There is the letter: The suspicion against the notary had already been investigated in the 1960s. The police found it unlikely. The questions from back then are still unanswered today: Who wrote the anonymous letter? And why? Should someone be blackened out of revenge?
“Slanderous Nonsense”
The address lists: The notary was a member of the Jewish Council, which, according to the Cold Case team, had lists of hundreds of addresses of Jews in hiding. Only: There is no evidence that the Jewish Council, which had been set up by the Germans by force, had kept such lists at all. Professor Houwink ten Cate says: “I’ve never seen anything like that in 35 years of research.” His colleague Bart van der Boom from Leiden University even spoke of “slanderous nonsense”. He is an expert on the history of the Jewish Council but was not consulted by the cold case team.

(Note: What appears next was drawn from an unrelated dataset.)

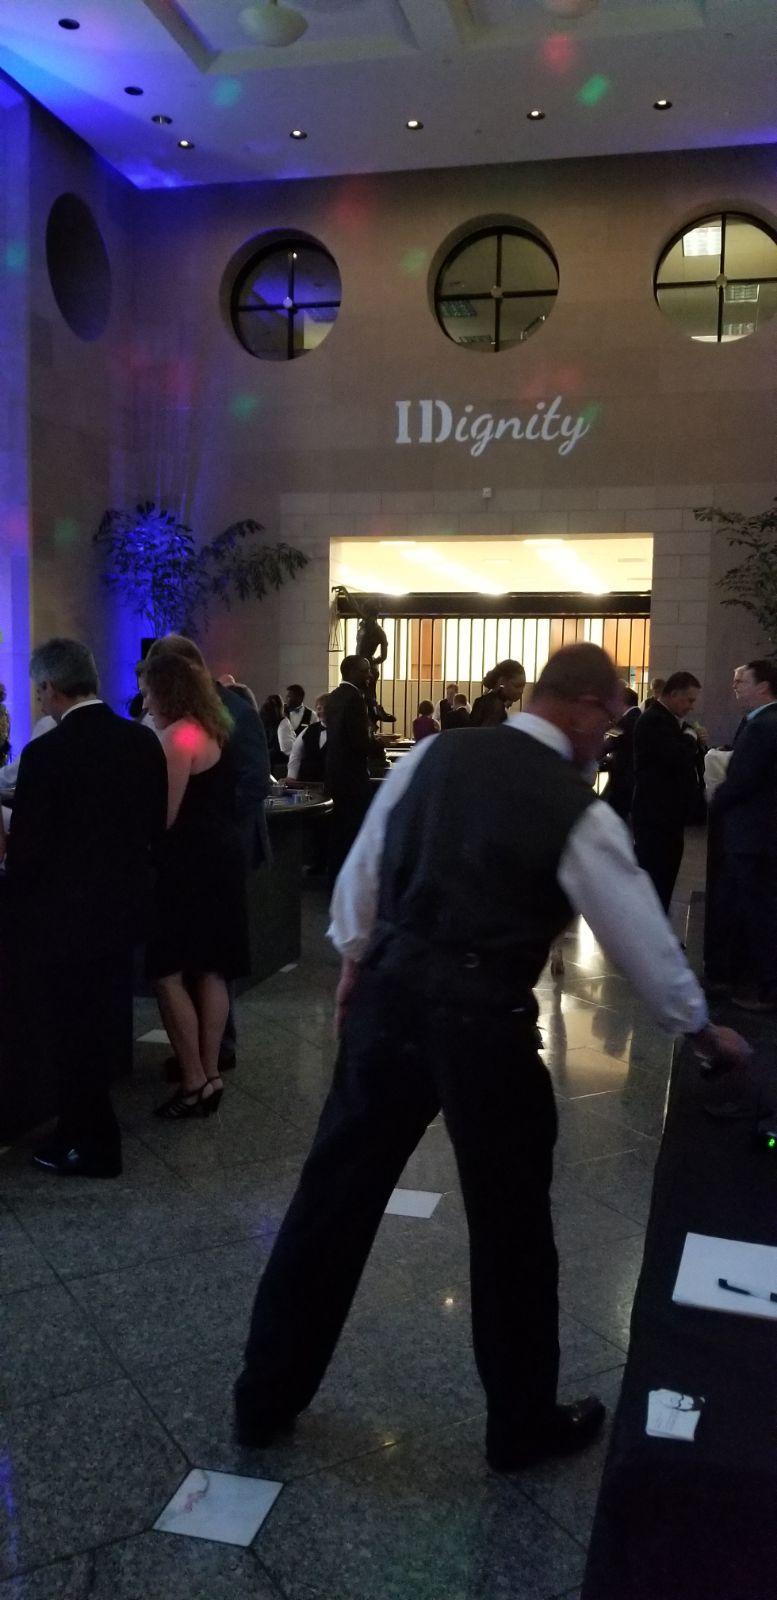 IDignity Charity Fundraiser Gala
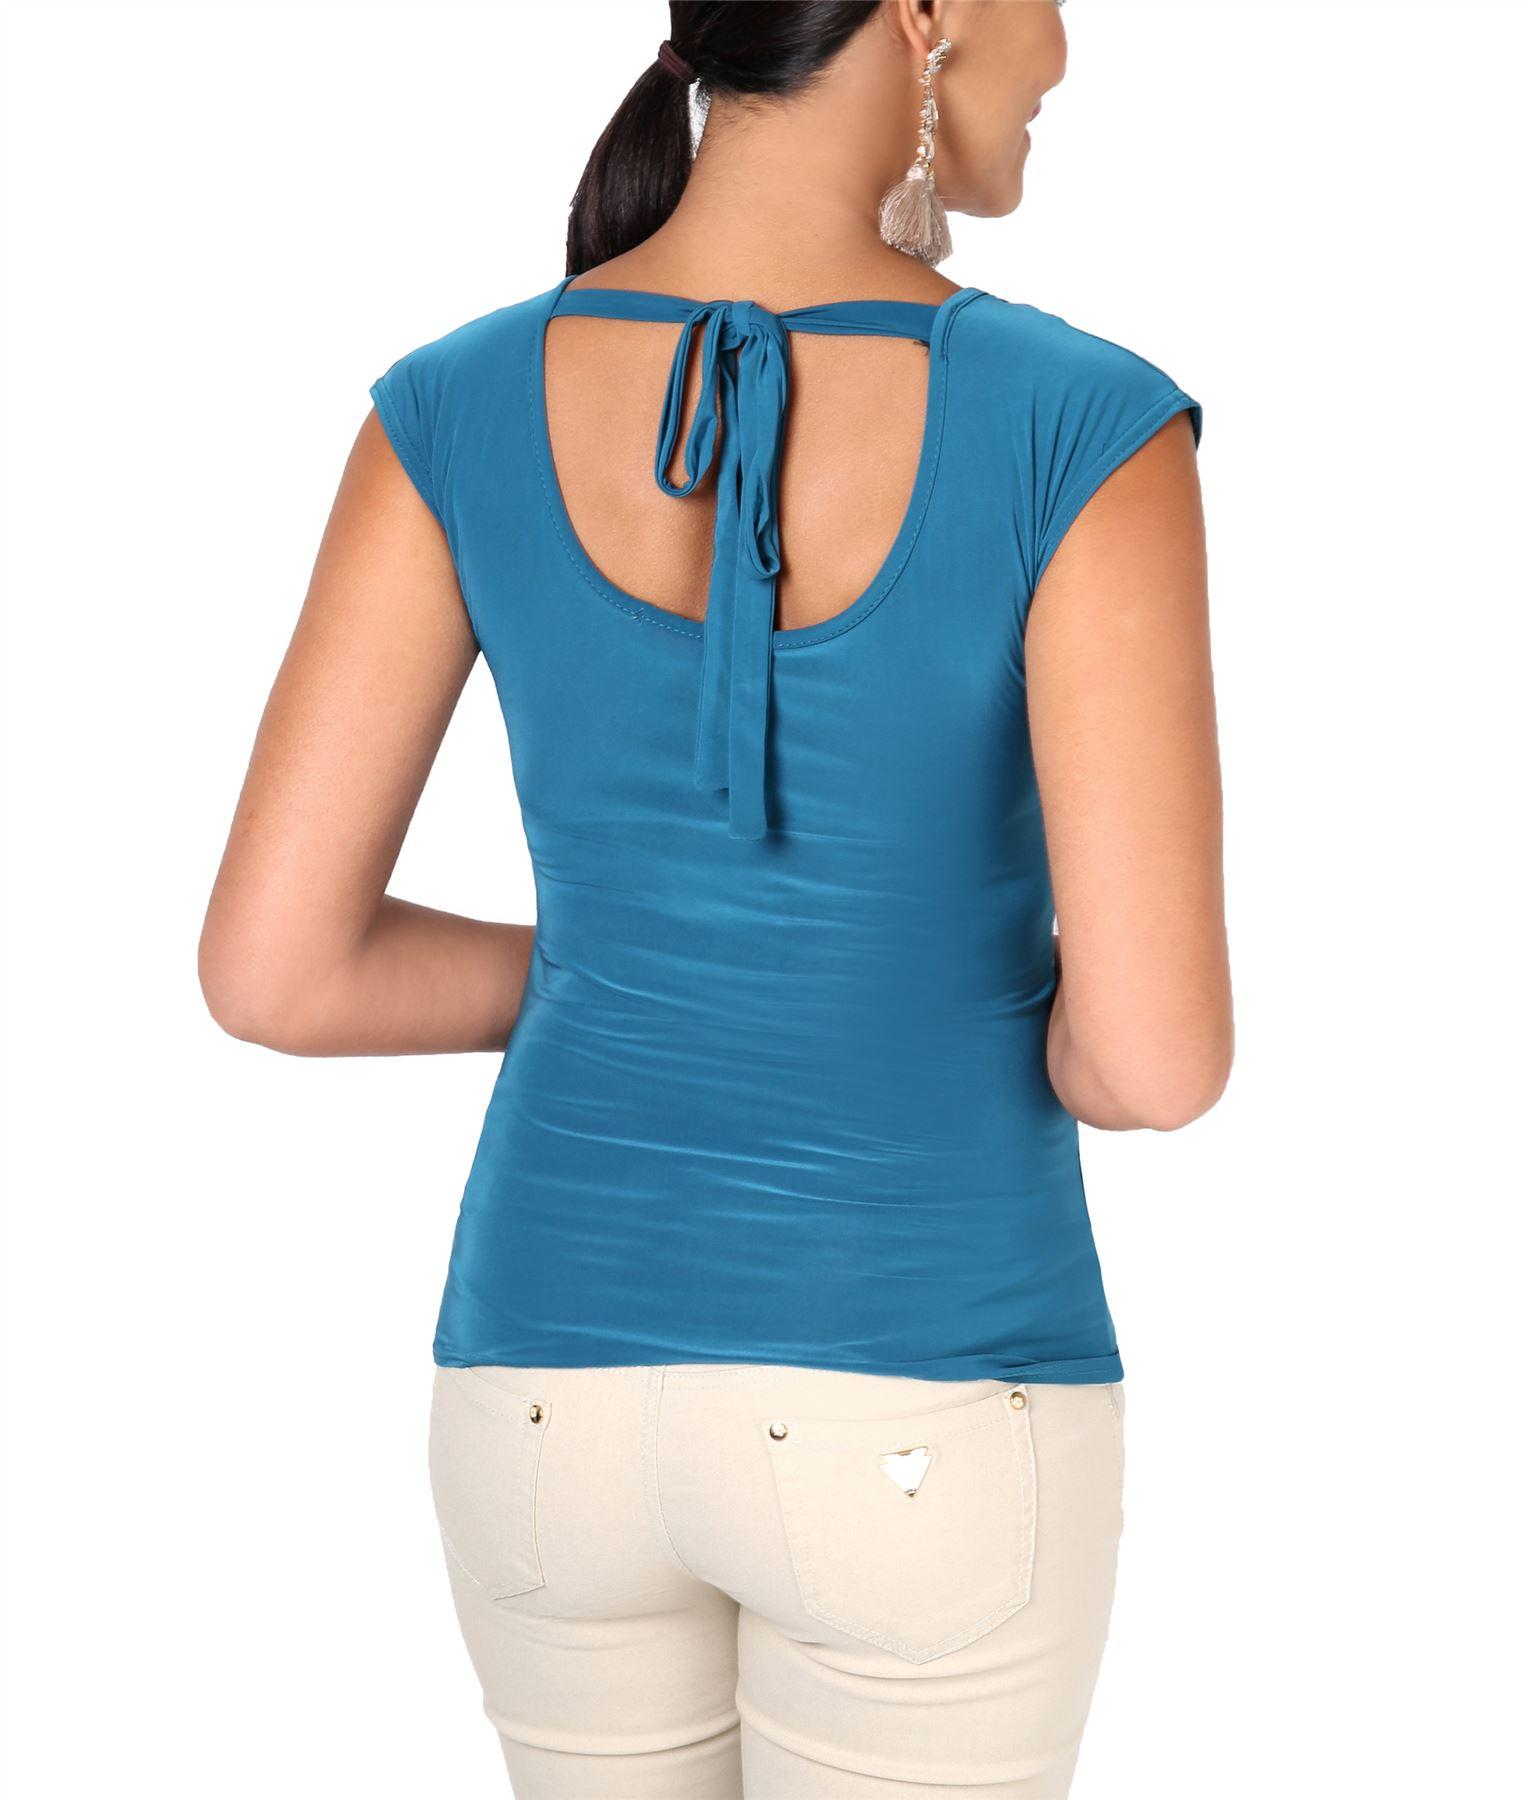 Womens-Ladies-Cowl-Neck-Top-Sleeveless-Silk-Drape-T-Shirt-Low-Cut-Back-Party thumbnail 20

And the notary: At the time of the betrayal in August 1944, he and his family had already gone into hiding, according to a dissertation. Any contact with the German security service would only have drawn attention to him. A death sentence. However, the Cold Case team had not even read the study about the notary.
The mistakes could have been avoided if the book had previously been submitted to historians for proofreading. But only a few selected media had received it in advance with a very strict non-disclosure clause. They had no chance to present the test results to historians beforehand.
Probably on purpose, thinks Amsterdam historian David Barnouw, who himself spent years researching Anne Frank and her betrayal. “Obviously they weren’t so sure of themselves.” And then such a sensation is of course also very lucrative. The book should be marketed worldwide, a film is planned.